Abstract
Nonlinear random effects models with finite mixture structures are used to identify polymorphism in pharmacokinetic/pharmacodynamic phenotypes. An EM algorithm for maximum likelihood estimation approach is developed and uses sampling-based methods to implement the expectation step, that results in an analytically tractable maximization step. A benefit of the approach is that no model linearization is performed and the estimation precision can be arbitrarily controlled by the sampling process. A detailed simulation study illustrates the feasibility of the estimation approach and evaluates its performance. Applications of the proposed nonlinear random effects mixture model approach to other population pharmacokinetic/pharmacodynamic problems will be of interest for future investigation.
Keywords: Finite mixture models, Mixed effects models, Pharmacokinetics/pharmacodynamics
1. Introduction
There is substantial variability in the way individuals respond to medications, in both treatment efficacy and toxicity. The sources of a drug’s underlying pharmacokinetic and pharmacodynamic variability can include demographic factors (such as age, sex, weight), physiological status (such as renal, liver, cardiovascular function), disease states, genetic differences, interactions with other drugs and environmental factors. In their seminal work, Sheiner, Rosenberg and Melmon (1972) proposed a parametric nonlinear mixed-effects modeling framework for quantifying both within and between subject variability in a drug’s pharmacokinetics, and developed an approximate maximum likelihood solution to the problem.
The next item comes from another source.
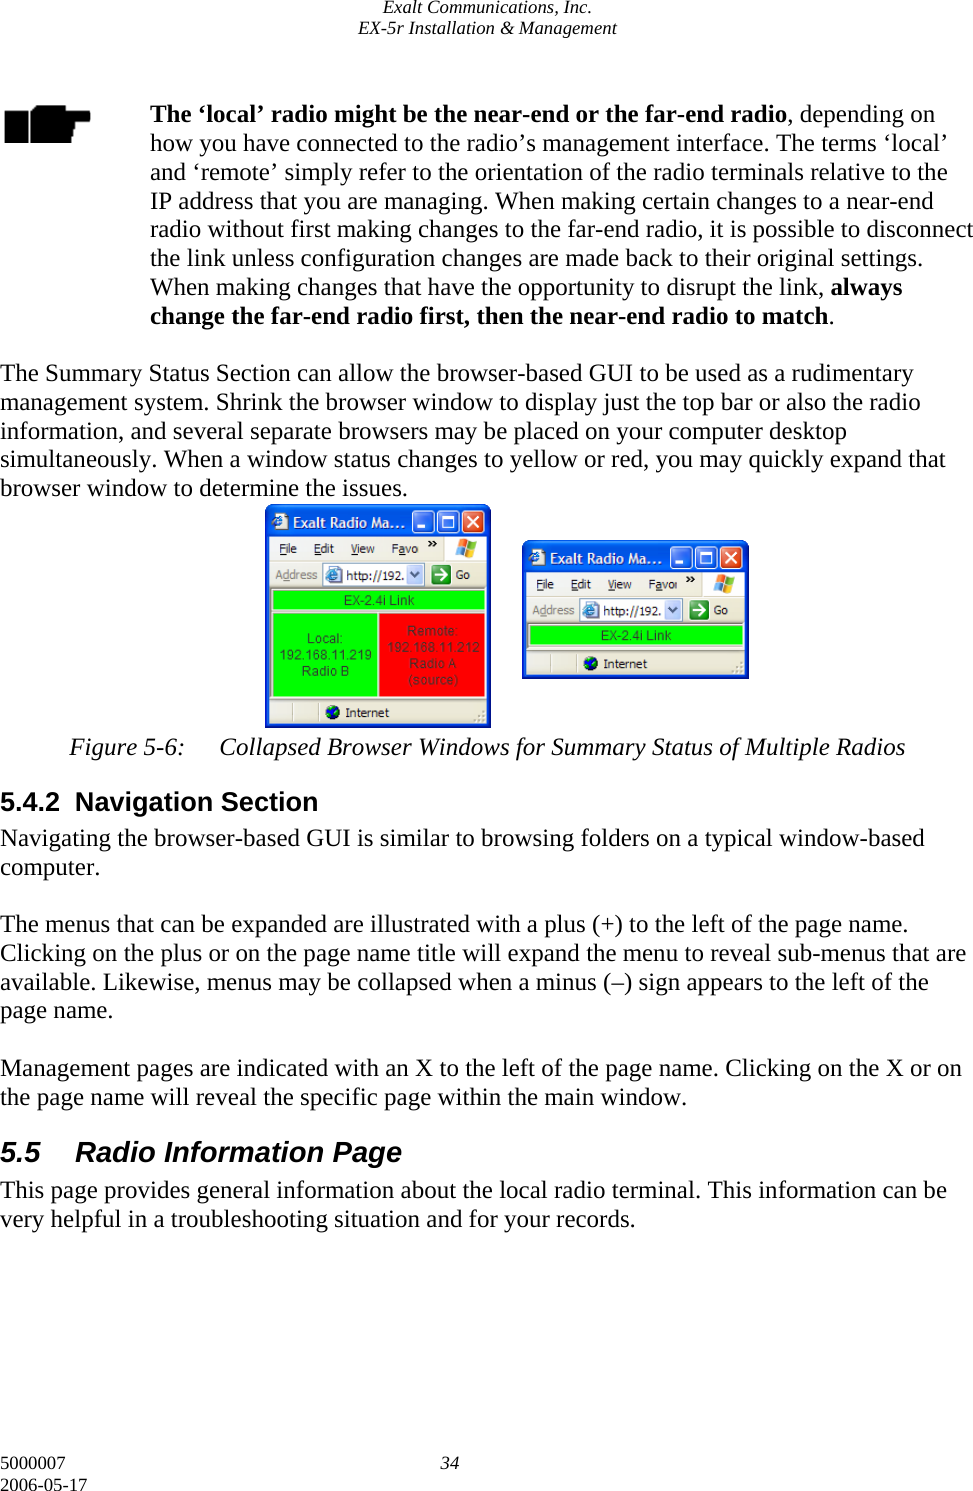 Exalt Communications, Inc. EX-5r Installation &amp; Management 5000007  34 2006-05-17  The ‘local’ radio might be the near-end or the far-end radio, depending on how you have connected to the radio’s management interface. The terms ‘local’ and ‘remote’ simply refer to the orientation of the radio terminals relative to the IP address that you are managing. When making certain changes to a near-end radio without first making changes to the far-end radio, it is possible to disconnect the link unless configuration changes are made back to their original settings. When making changes that have the opportunity to disrupt the link, always change the far-end radio first, then the near-end radio to match.  The Summary Status Section can allow the browser-based GUI to be used as a rudimentary management system. Shrink the browser window to display just the top bar or also the radio information, and several separate browsers may be placed on your computer desktop simultaneously. When a window status changes to yellow or red, you may quickly expand that browser window to determine the issues.         Figure 5-6:  Collapsed Browser Windows for Summary Status of Multiple Radios 5.4.2 Navigation Section Navigating the browser-based GUI is similar to browsing folders on a typical window-based computer.  The menus that can be expanded are illustrated with a plus (+) to the left of the page name. Clicking on the plus or on the page name title will expand the menu to reveal sub-menus that are available. Likewise, menus may be collapsed when a minus (–) sign appears to the left of the page name.  Management pages are indicated with an X to the left of the page name. Clicking on the X or on the page name will reveal the specific page within the main window. 5.5  Radio Information Page This page provides general information about the local radio terminal. This information can be very helpful in a troubleshooting situation and for your records.

Since the introduction by Beal and Sheiner (1979) of the general purpose software package NONMEM implementing this approach, other approximate maximum likelihood algorithms have been introduced to solve the nonlinear random and mixed effects modeling problem (see Davidian and Giltinan (1995) for an extensive review). An exact maximum likelihood (i.e., no linearization) solution to the parametric population modeling problem based on the EM algorithm has also been proposed by Schumitzky (1995) and fully developed and implemented by Walker (1996). The population modeling framework has had a significant impact on how pharmacokinetic (and pharmacodynamic) variability is quantified and studied during drug development, and on the identification of important covariates associated with a drug’s inter-individual kinetic/dynamic variability.
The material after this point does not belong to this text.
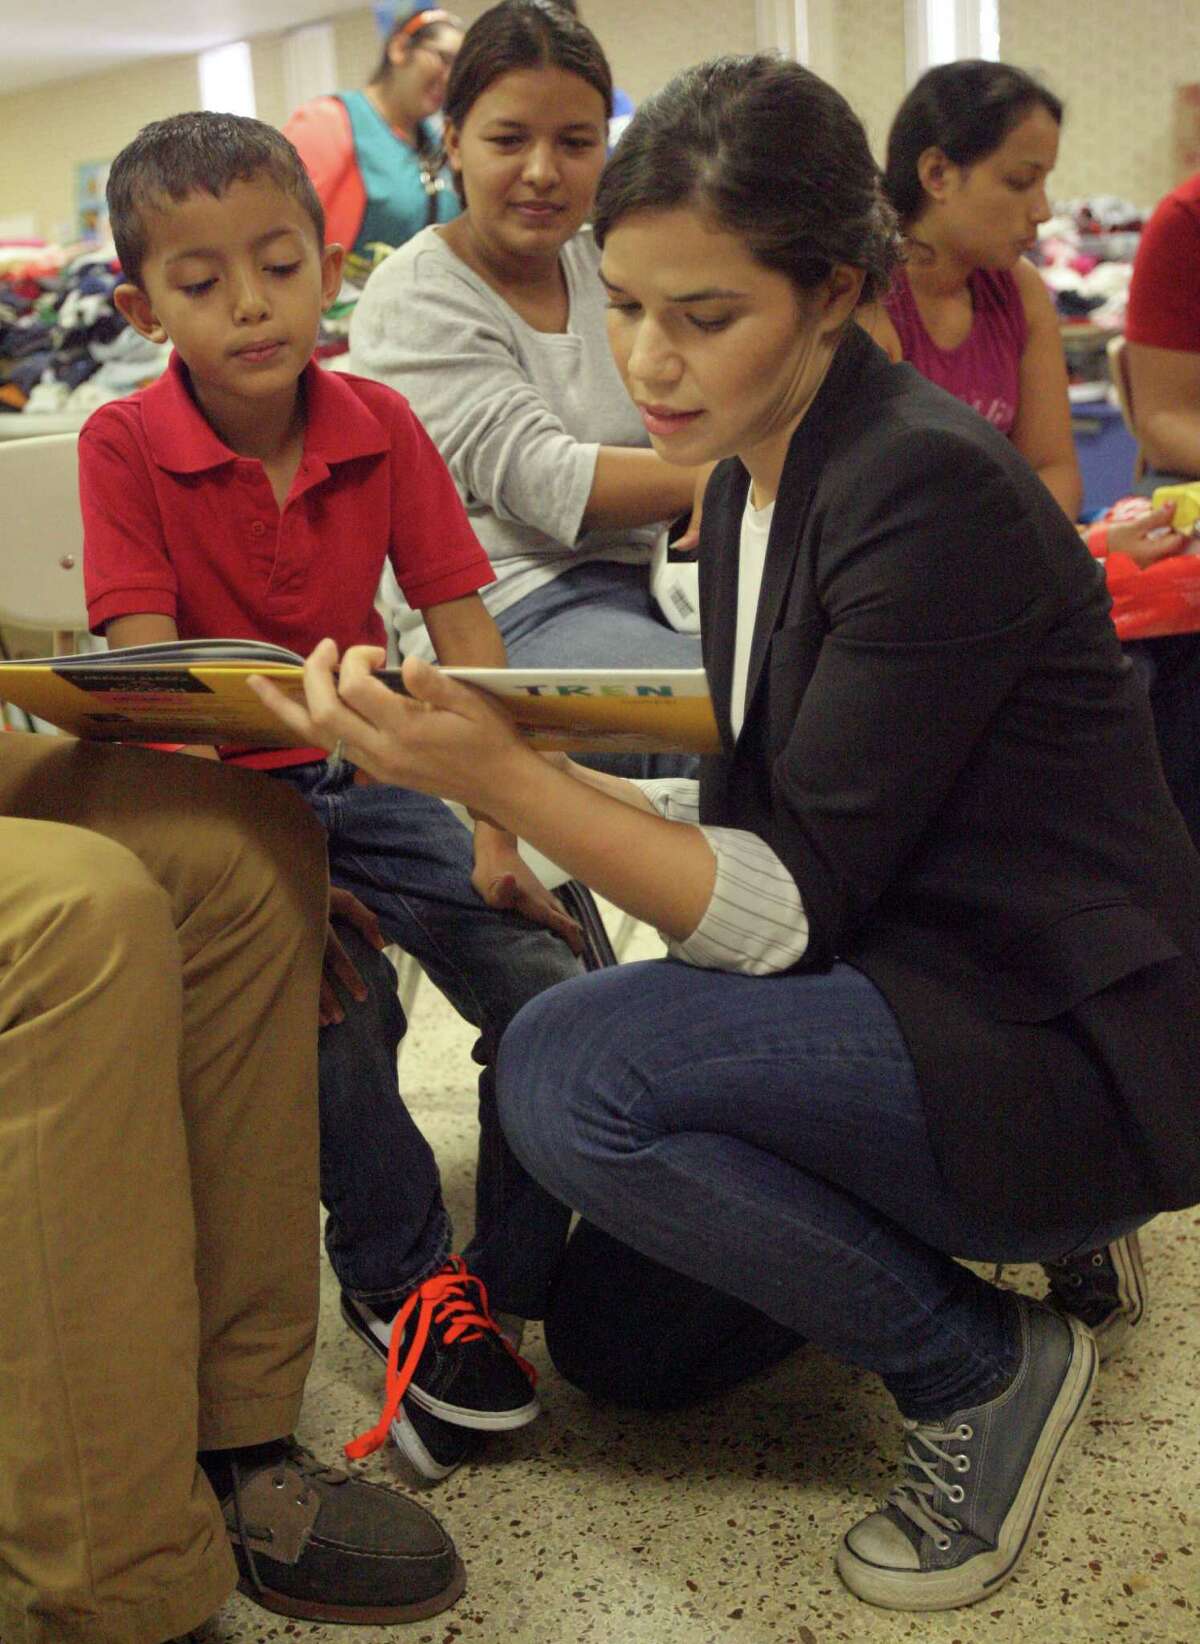 MCALLEN,TX-July 28,2014- Actress America Ferrera plays with a Central American boy during the Hispanic Heritage Foundation humanitarian project at Sacred Heart in McAllen Monday July 27,2014. Photo by Delcia Lopez/McAllen Monitor

While population models incorporating measured covariates have proven to be useful in drug development, it is recognized that genetic polymorphisms in drug metabolism and in the molecular targets of drug therapy, for example, can also have a significance influence on the efficacy and toxicity of medications (Evans and Relling, 1999). There is, therefore, a need for population modeling approaches that can extract and model important subpopulations using pharmacokinetic/pharmacodynamic data collected in the course of drug development trials and other clinical studies, in order to help identify otherwise unknown genetic determinants of observed pharmacokinetic/pharmacodynamic phenotypes. The nonparametric maximum likelihood approach for nonlinear random effects modeling developed by Mallet (1986), as well as the nonparametric Bayesian approaches of Wakefield and Walker (1997) and Rosner and Mueller (1997), and the smoothed nonparametric maximum likelihood method of Davidian and Gallant (1993) all address this important problem. In this paper we propose a parametric approach using finite mixture models to identify subpopulations with distinct pharmacokinetic/pharmacodynamic properties.
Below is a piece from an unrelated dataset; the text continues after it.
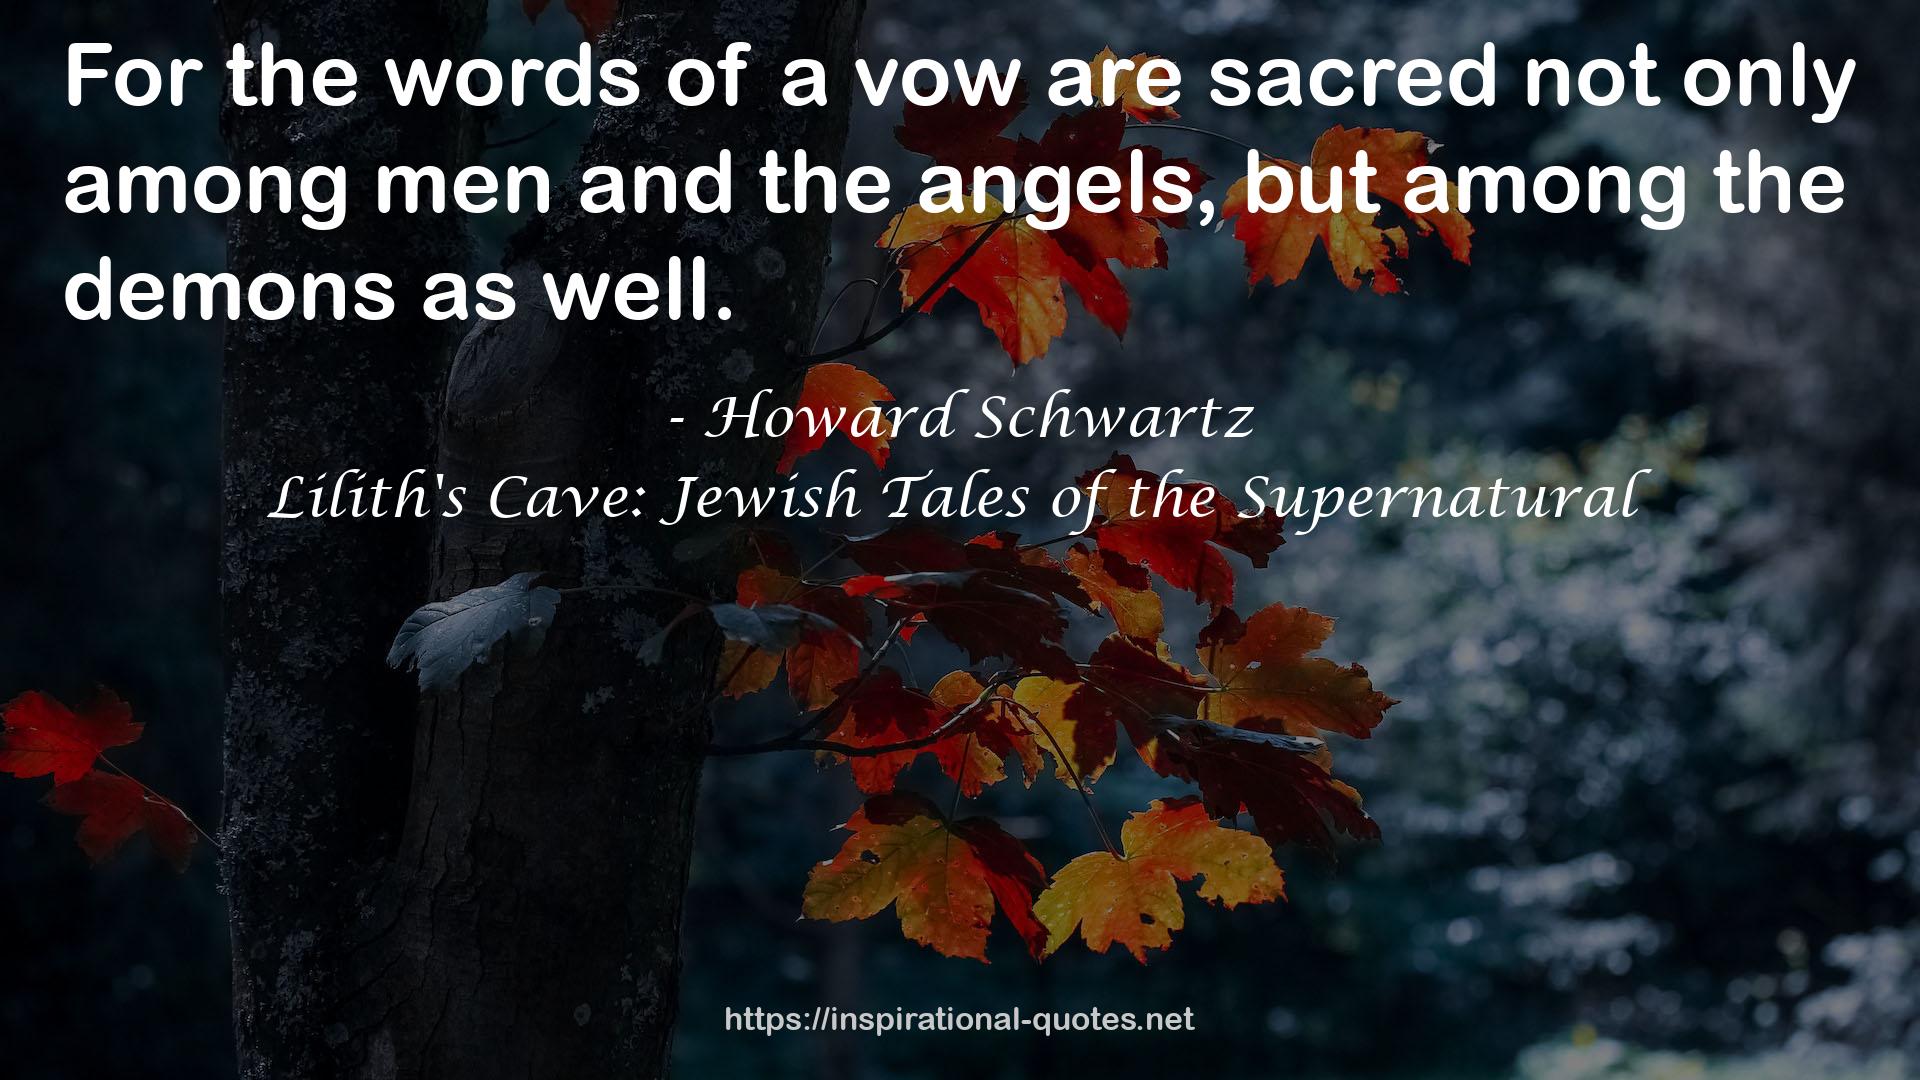 Lilith's Cave: Jewish Tales of the Supernatural QUOTES

An EM algorithm for exact maximum likelihood estimation of nonlinear random effects finite mixture models is introduced, extending the previous work of Schumitzky (1995) and Walker (1996). The EM algorithm has been used extensively for linear mixture model applications (see McLachlan and Peel (2000) for a review). The algorithm for nonlinear mixture models presented below has an analytically tractable M step, and uses sampling-based methods to implement the E step. Section 2 of this paper describes the finite mixture model within a nonlinear random effects modeling framework. Section 3 gives the EM algorithm for the maximum likelihood estimation of the model. Section 4 addresses individual subject classification, while an error analysis is presented in section 5. A detailed simulation study of a pharmacokinetic model is presented in section 6. Section 7 contains a discussion.
2. Nonlinear Random Effects Finite Mixture Models
A two-stage nonlinear random effects model that incorporates a finite mixture model is given by
(1) |
and
(2) |
where i=1,…,n indexes the individuals and k=1,…,K indexes the mixing components.
At the first stage represented by (1), Yi = (y1i,…,ymii)T is the observation vector for the ith individual (Yi ∈ Rmi); hi (θi) is the function defining the pharmacokinetic/pharmacodynamic (PK/PD) model, including subject specific variables (e.g., drug doses), and θi is the vector of model parameters (random effects) (θi ∈ Rp). In (1) Gi (θi, β) is a positive definite covariance matrix (Gi ∈ Rmi×mi) that may depend upon θi as well as on other parameters β (fixed effects) (β ∈ Rq).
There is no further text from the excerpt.